US-FAA14 CFR 135.243
Pilot in command qualifications
Read the official ruleIn plain English
This is the headline rule for aspiring charter pilots: PIC qualifications. To be PIC of an IFR on-demand flight you generally need a commercial pilot certificate with an instrument rating (an ATP for larger/turbojet aircraft) and at least 1,200 hours total time, including 500 hours cross-country, 100 hours night, and 75 hours of instrument time. VFR-only PIC requirements are lower (about 500 hours).
Key points
- IFR PIC: commercial + instrument (or ATP), and ~1,200 hr TT (500 XC, 100 night, 75 instrument).
- VFR PIC: commercial with appropriate ratings and ~500 hr TT (100 XC, 25 night).
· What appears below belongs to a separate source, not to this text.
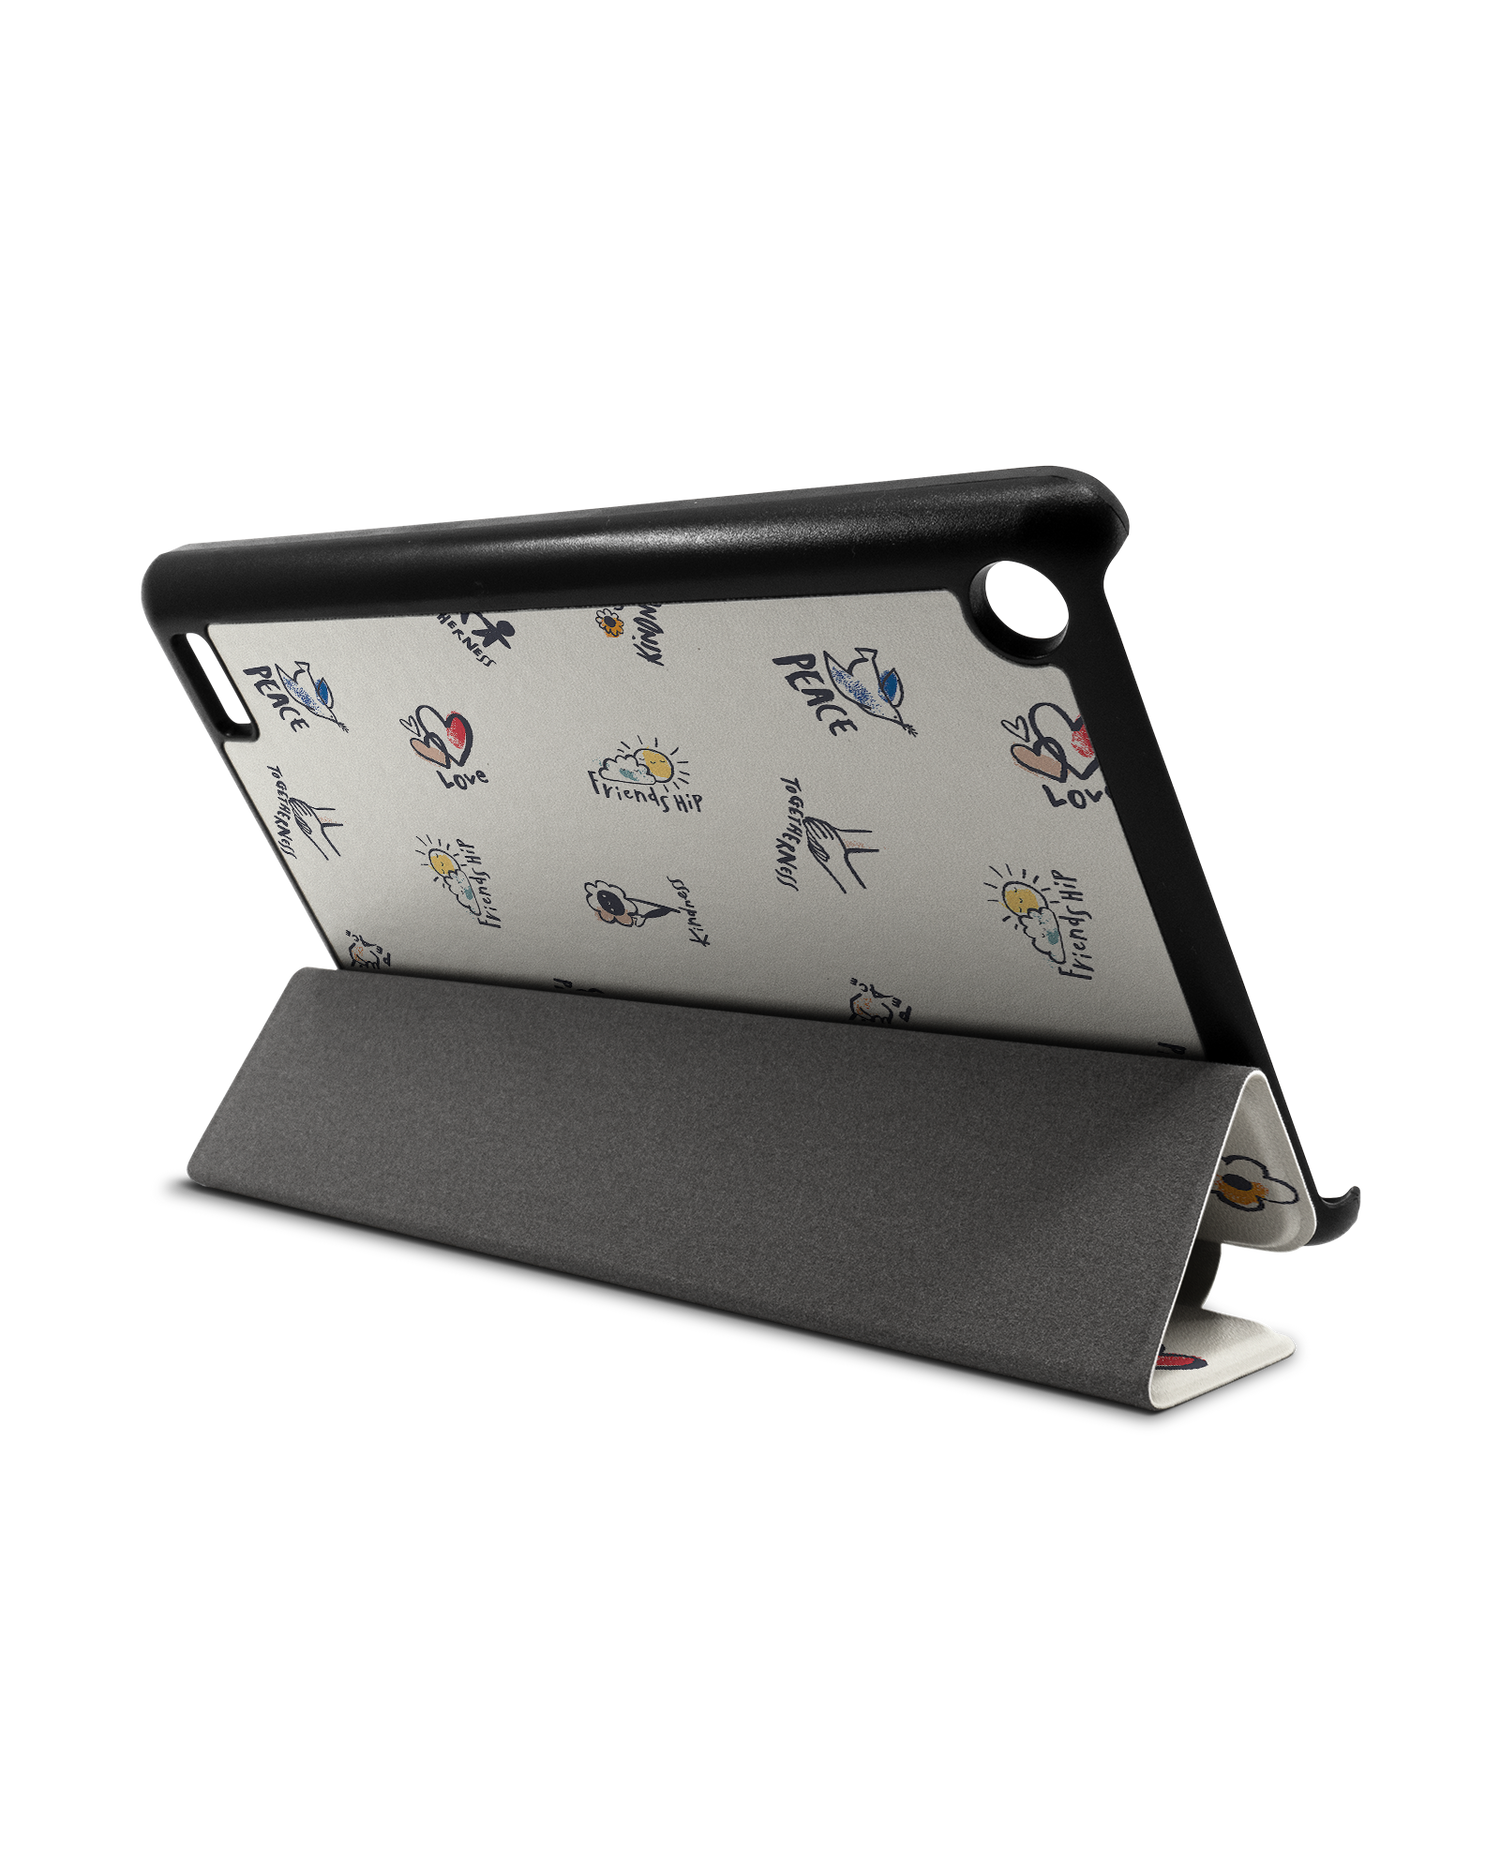 Peace And Love Tablet Smart Case für Amazon Fire 7: Aufgestellt im Querformat
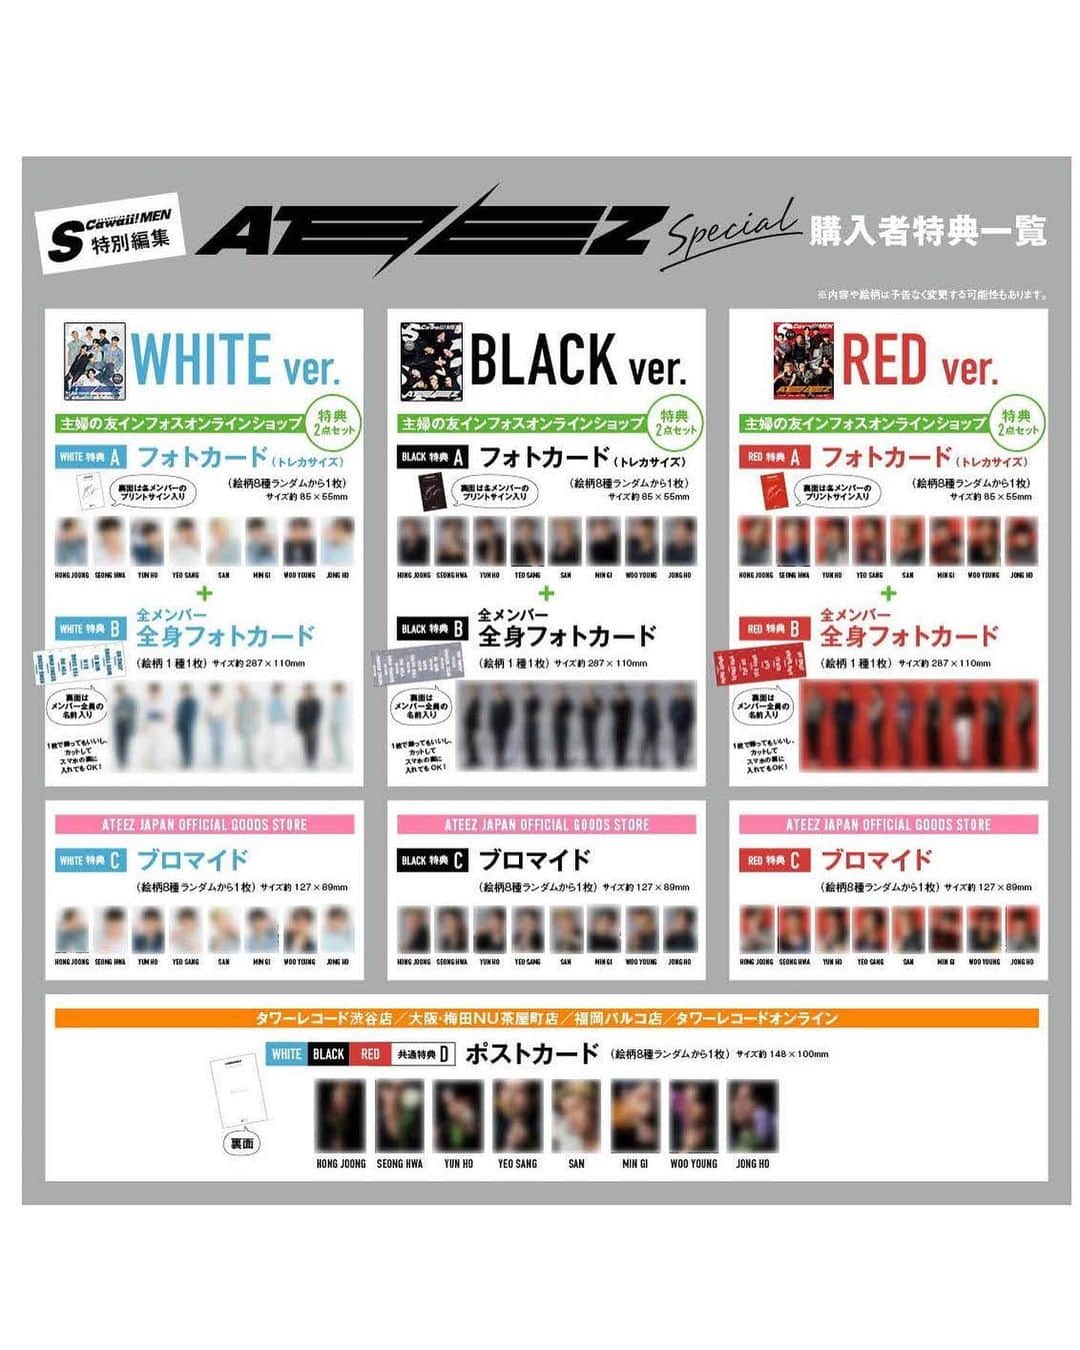 S Cawaii！さんのインスタグラム写真 - (S Cawaii！Instagram)「丸ごと１冊ATEEZ特集！　 『S Cawaii! MEN特別編集 ATEEZ Special』   「WHITE」「BLACK」「RED」の３バージョンを同時発売！   ■ATEEZが日本の雑誌のカバーに初登場！  ■丸ごと１冊、ATEEZ特集！　ALL撮りおろし！  ■表紙は豪華３バージョン（「WHITE ver.」「BLACK ver.」「RED ver.」）   ■「表紙・裏表紙」に加えて、巻頭の「グラビア」「グループインタビュー」｢サイン入りチェキプレゼント｣の合計25ページ分のビジュアルが３バージョン違います。 （それ以外は３バージョン共通です）  ■（３バージョン合計で）約370カットの撮りおろし画像を掲載！  ■巻頭グラビアは、切り取ってピンナップ風に使用可能。  ■表紙３バージョン×各16枚＝合計48名様にサイン入りチェキプレゼントもあり。  ■約5万字にもおよぶ、ボリュームたっぷりのインタビュー！ （インタビュー内容は、３バージョン共通） ＿＿＿＿＿＿＿＿＿＿＿＿＿＿   グループインタビューの一部を少しだけ公開！　 今回の丸ごと１冊ATEEZ特集号は、ATINY（ファンの愛称）の皆さんのリクエストで実現したということをメンバーの皆さんにお伝えしました。  Q.今日はありがとうございました！　撮影はいかがでしたか？  WOO YOUNG：デビュー後、日本で初めて受けた取材が『S Cawaii!』さんだったので、今回また一緒にお仕事することができて、うれしかったですし、今日も楽しい思い出がたくさん作れました。日本にいるATINY（ファンの愛称）のみなさんのおかげでこうしてまた、取材していただくことが出来たと思うので、ATINYのみなさんに感謝しています。  JONG HO：僕もとても楽しく撮影することができました！  SAN：（うんうん、とうなずいて）まるまる１冊、僕たちだけの雑誌なので、僕たちのことが恋しくなった時、手に取っていただいて、じっくりと読み返していただけたら嬉しいです。  SEONG HWA：一冊丸ごと「ATEEZ特集」の雑誌を作っていただけてとてもありがたいですし、特別な経験になりました。そしてかっこいい写真もたくさん撮れたので、僕も『S Cawaii! MEN 特別版 ATEEZ Special』がとても楽しみです！  YUN HO：本当にすごくステキな写真が撮れました！　僕たちだけでなく、たくさんの方が苦労して作り上げた成果物なので、いい雑誌になっていると確信しています。（日本語で）ありがとうございます。  MIN GI：久しぶりに日本に来て、こうして雑誌の撮影もして、対面で初の単独コンサートもして、とても楽しい日々を過ごすことができました。これからも日本にたくさん来て、日本の皆さんに幸せを届けられる時間が増えたらいいな、と改めて思いました。  HONG JOONG：はじめは、「僕たちだけしか出てこない雑誌ってどんなものなのだろう？」と実感が湧きませんでした。特にメンバー自身にフォーカスした写真というのが僕好みでした。３つのコンセプトで写真を撮ったので、皆さんは24人分のATEEZをお楽しみいただけます！（笑）　そういう意味でもファンの皆さんの期待に応えられる雑誌になったと思います。  YEO SANG：色々なコンセプトに挑戦することができたことが楽しかったです。はじめは薄めのメイクからスタートして、だんだん濃くなっていくのもワクワクしました。現場の雰囲気もとても楽しかったですし、この先ずっと心に残りそうな一日になりました。  SEONG HWA：そうそう。ずっと大切にしまっておけるプレゼントをいただいたような気がします。  ＿＿＿＿＿＿＿＿＿＿＿＿＿＿  下記のECサイト、店舗にて『S Cawaii! MEN特別編集 ATEEZ Special』の「WHITE ver.」「BLACK ver.」「RED ver.」を購入いただいた方に特典を差し上げます！  【特典A フォトカード＋B　全メンバー・全身フォトカード（２点セット）】 ■主婦の友インフォスオンラインショップ   【特典C　ブロマイド】 ■ATEEZ JAPAN OFFICIAL GOODS STORE   【特典D　ポストカード】 ■タワーレコードオンライン ■タワーレコード東京・渋谷店 ■タワーレコード大阪・梅田NU茶屋町店 ■タワーレコード福岡・パルコ店  ＿＿＿＿＿＿＿＿＿＿＿＿＿＿  下記のネット書店、全国の書店でもご購入いただけます。（購入者特典はつきません） （一部、お取り扱いがない店舗もございます）  ■Amazon ■HMV ■セブンネット ■楽天  ※コンビニエンスストアでは販売しておりません。 ※電子書籍の販売の予定はございません。  ★続報は随時、『S Cawaii! MEN』のTwitterで公開いたします。 @mag_scawaii_men  #ateez  #エイティーズ  #scawaiimen  #エスカワイイ  #エスカワ」3月2日 10時00分 - scawaii.magazine

- Some aircraft (large/turbojet) require an ATP and a type rating.
Common pitfalls
- Assuming a fresh commercial certificate qualifies you for IFR charter immediately — the hour minimums gate it.
*This is a plain-English summary for study only. The official 14 CFR text on this page is controlling — always read the current regulation and your operator’s ops specs.*
This is an original plain-English explanation for training and reference, not legal advice and not for navigation. Always rely on the current official rule linked above. Last reviewed June 8, 2026.